2010-06-03 Thread karl.wright
For what it's worth, after some 5 days of work, and a couple of schema changes 
to boot, LCF now runs with Derby.
Some caveats:

(1) You can't run more than one LCF process at a time.  That means you need 
to either run the daemon or the crawler-ui web application, but you can't run 
both at the same time.
(2) I haven't tested every query, so I'm sure there are probably some that 
are still broken.
(3) It's slow.  Count yourself as fortunate if it runs 1/5 the rate of 
Postgresql for you.
(4) Transactional integrity hasn't been evaluated.
(5) Deadlock detection and unique constraint violation detection is 
probably not right, because I'd need to cause these errors to occur before 
being able to key off their exception messages.
(6) I had to turn off the ability to sort on certain columns in the reports 
- basically, any column that was represented as a large character field.

Nevertheless, this represents an important milestone on the path to being able 
to write some kind of unit tests that have at least some meaning.

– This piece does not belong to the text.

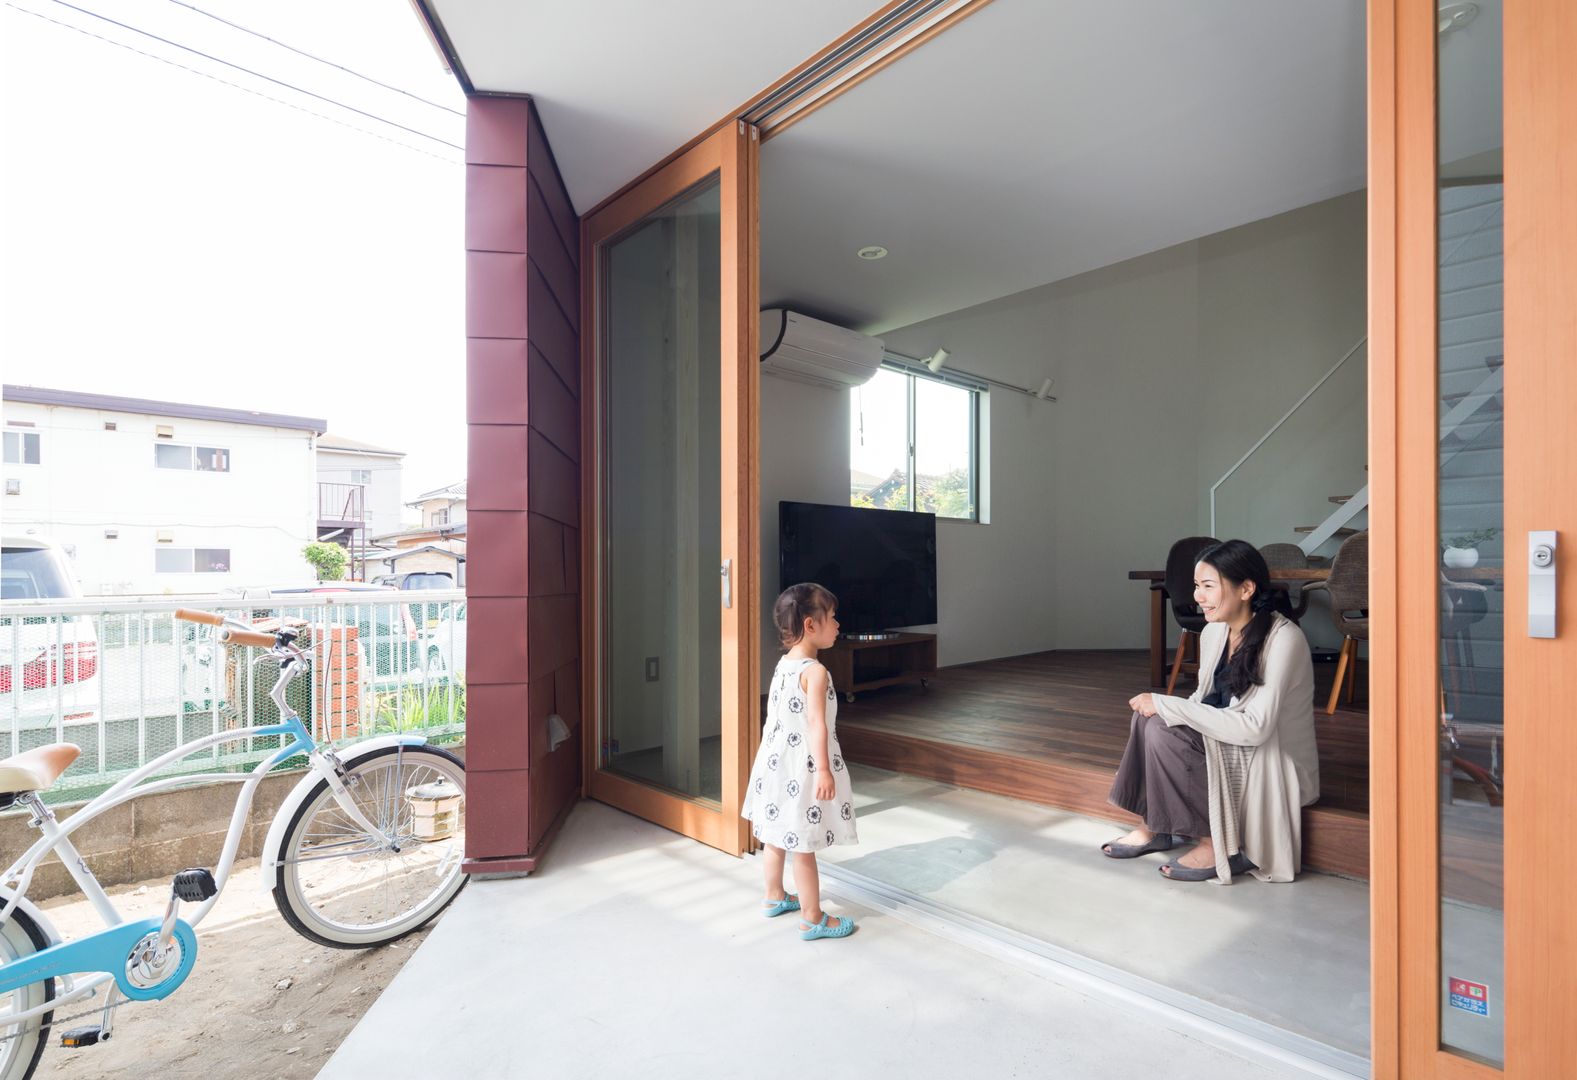 浜竹の家 House in Hamatake, 本間義章建築設計事務所 本間義章建築設計事務所 Modern home
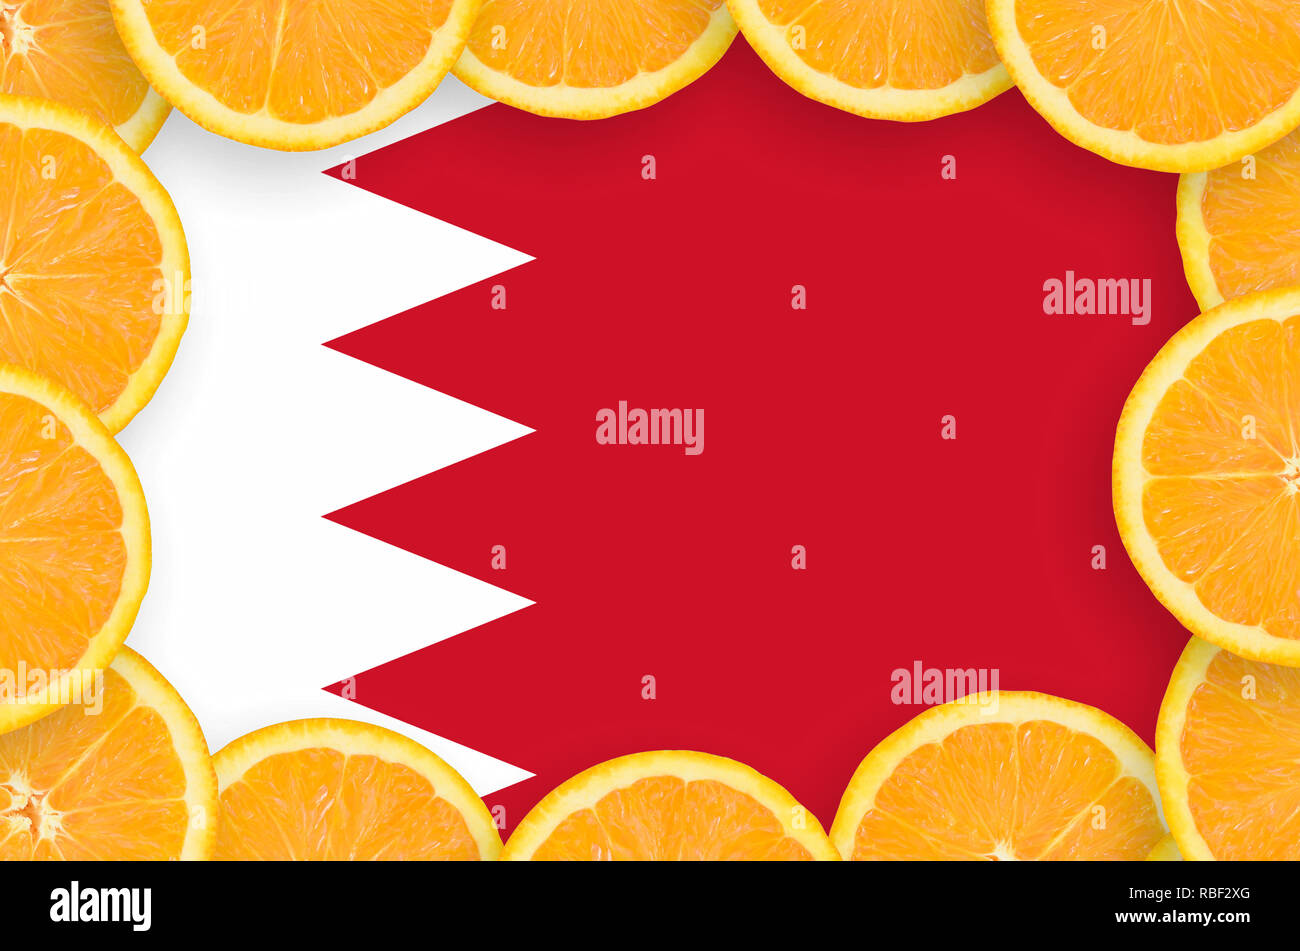 Drapeau de Bahreïn dans le cadre de tranches d'agrumes orange. Concept de croissance et de l'importation et l'exportation des agrumes Banque D'Images

If you have an existing LCF Postgresql database, you will need to force an 
upgrade after going to the new trunk code.  To do this, repeat the 
org.apache.lcf.agents.Install command, and the 
org.apache.lcf.agents.Register org.apache.lcf.crawler.system.CrawlerAgent 
command after deploying the new code.  And, please, let me know of any kind of 
errors you notice that could be related to the schema change.

Thanks,
Karl




RE: Derby

2010-06-03 Thread karl.wright
The daemon does not need to interact with the UI directly, only with the 
database.  So, you stop the UI, start the daemon, and after a while, shut down 
the daemon and restart the UI.

Karl

-Original Message-
From: ext Jack Krupansky [mailto:jack.krupan...@lucidimagination.com] 
Sent: Thursday, June 03, 2010 5:51 PM
To: connectors-dev@incubator.apache.org
Subject: Re: Derby

 (1) You can't run more than one LCF process at a time.  That means you 
 need to either run the daemon or the crawler-ui web application, but you 
 can't run both at the same time.

How do you Start a crawl then if not in the web app which then starts the 
agent process crawling?

Thanks for all of this effort!

-- Jack Krupansky

--
From: karl.wri...@nokia.com
Sent: Thursday, June 03, 2010 5:34 PM
To: connectors-dev@incubator.apache.org
Subject: Derby

 For what it's worth, after some 5 days of work, and a couple of schema 
 changes to boot, LCF now runs with Derby.
 Some caveats:

 (1) You can't run more than one LCF process at a time.  That means you 
 need to either run the daemon or the crawler-ui web application, but you 
 can't run both at the same time.
 (2) I haven't tested every query, so I'm sure there are probably some 
 that are still broken.
 (3) It's slow.  Count yourself as fortunate if it runs 1/5 the rate of 
 Postgresql for you.
 (4) Transactional integrity hasn't been evaluated.
 (5) Deadlock detection and unique constraint violation detection is 
 probably not right, because I'd need to cause these errors to occur before 
 being able to key off their exception messages.
 (6) I had to turn off the ability to sort on certain columns in the 
 reports - basically, any column that was represented as a large character 
 field.

 Nevertheless, this represents an important milestone on the path to being 
 able to write some kind of unit tests that have at least some meaning.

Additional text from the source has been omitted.